This post is from April 2, 2008
Joey Cocciardi
Joey Cocciardi





















































In 'Zen for Head', Paik dips his head in paint and draws a line on paper
In 1970, Robert Smithson created Spiral Jetty in the water along the Northeast shore of the Great Salt Lake, Utah. Spiral Jetty involved moving more than 6 thousand tons of earth and stone to make a spiral form 1500 feet long. The form recalls the shape of salt crystals and microscopic organisms of the lake. Spiral jetty certainly has as its precedent the ancient earth mounds, like those in the Ohio region. Smithson leased 10 acres of land at the lake to make spiral Jetty. Smithson described his sensations about the site as "to suggest an immobile cyclone" and "A dormant earthquake spread into the fluttering stillness, into a spinning sensation without movement." From that the form of Spiral Jetty evolved. Smithson also learned of legend that described an underground channel that connected the Salt lake to the ocean at a point in the middle of the lake that revealed itself as a whirlpool. The metaphor of the spiral worked at microscopic scale, larger scale and at the level of folklore.

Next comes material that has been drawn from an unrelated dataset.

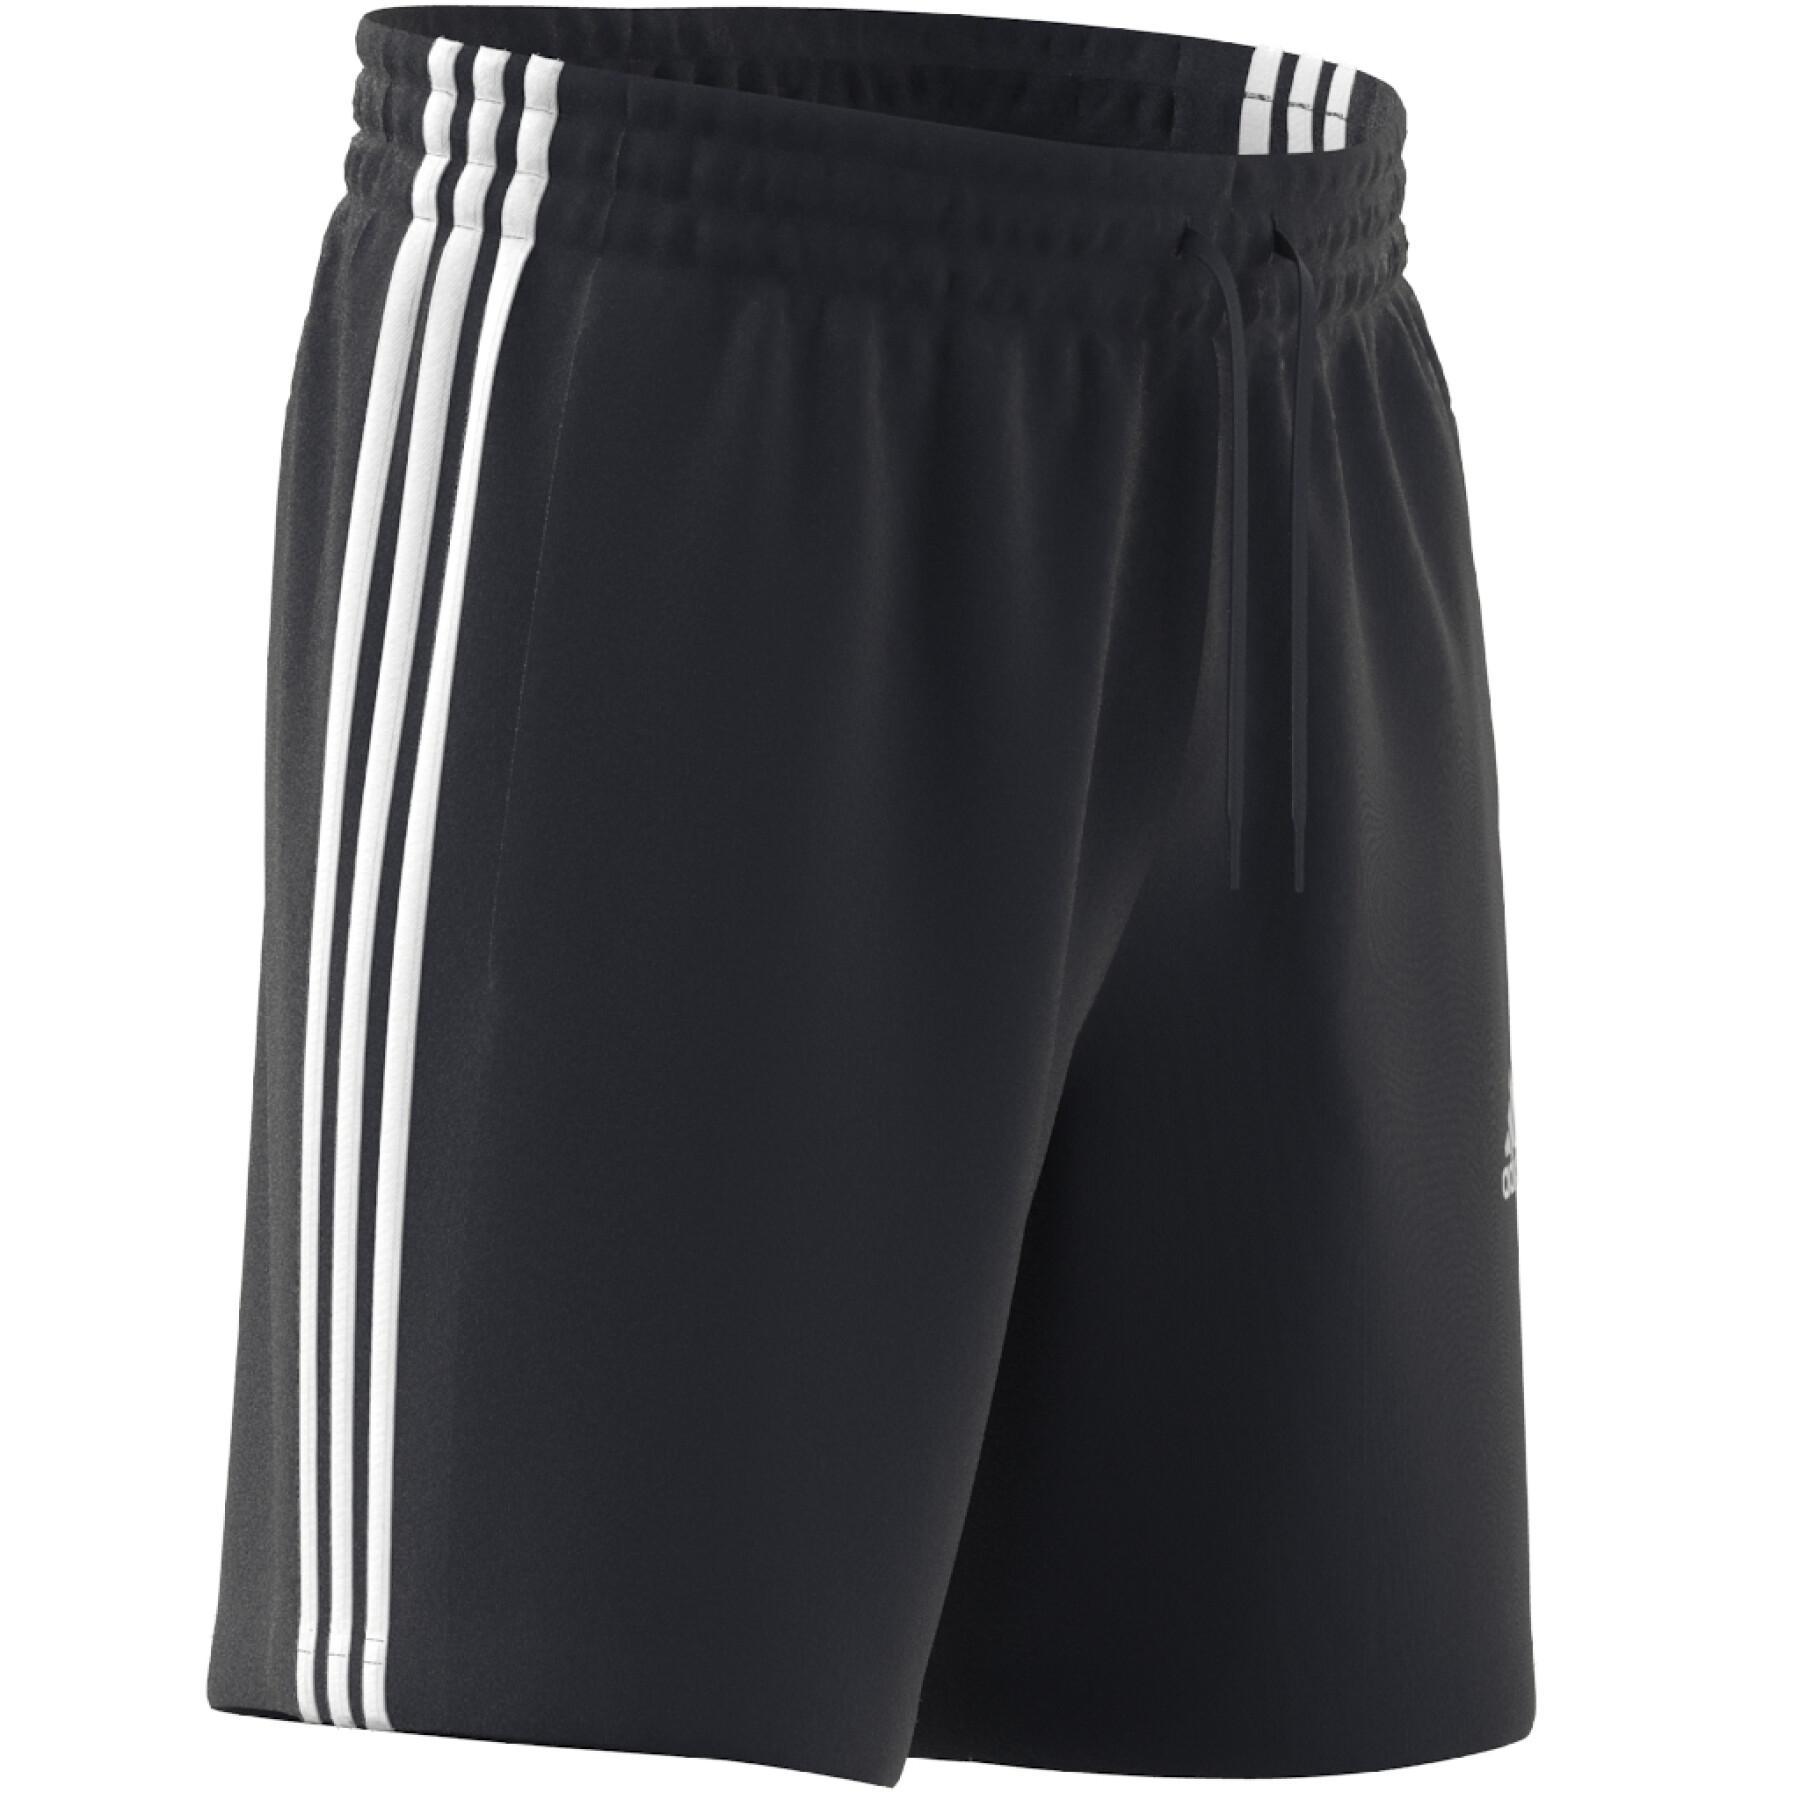 Shorts adidas Essentials French Terry 3-Stripes

In 1968, Walter De Maria made a land drawing called Mile Long Drawing in the Mojave Desert, his first earthwork. De Maria's work was typically less permanent or less intrusive on the landscape than Michael Heizer's or Robert Smithson's - somewhat ecologically minded.In 1977, Walter De Maria created Lightning Field in New Mexico. Lightning field is a series of 400 stainless steel poles covering an area of one mile by approximately one kilometer. The tops of the poles are all at the same level, and the poles average a height of about 20 feet. The human population of the region is low and the incidence of lightning is high. The conditions were ideal to achieve a celebration of the power and magnificence of lightning.The grid form of the rods and the one mile dimension, mark the space and recall the grid that organizes much of the United States. The orientation of the tops of the rods gives reference to the shape/ or topography of the land below, and the organization brings the sky and earth together.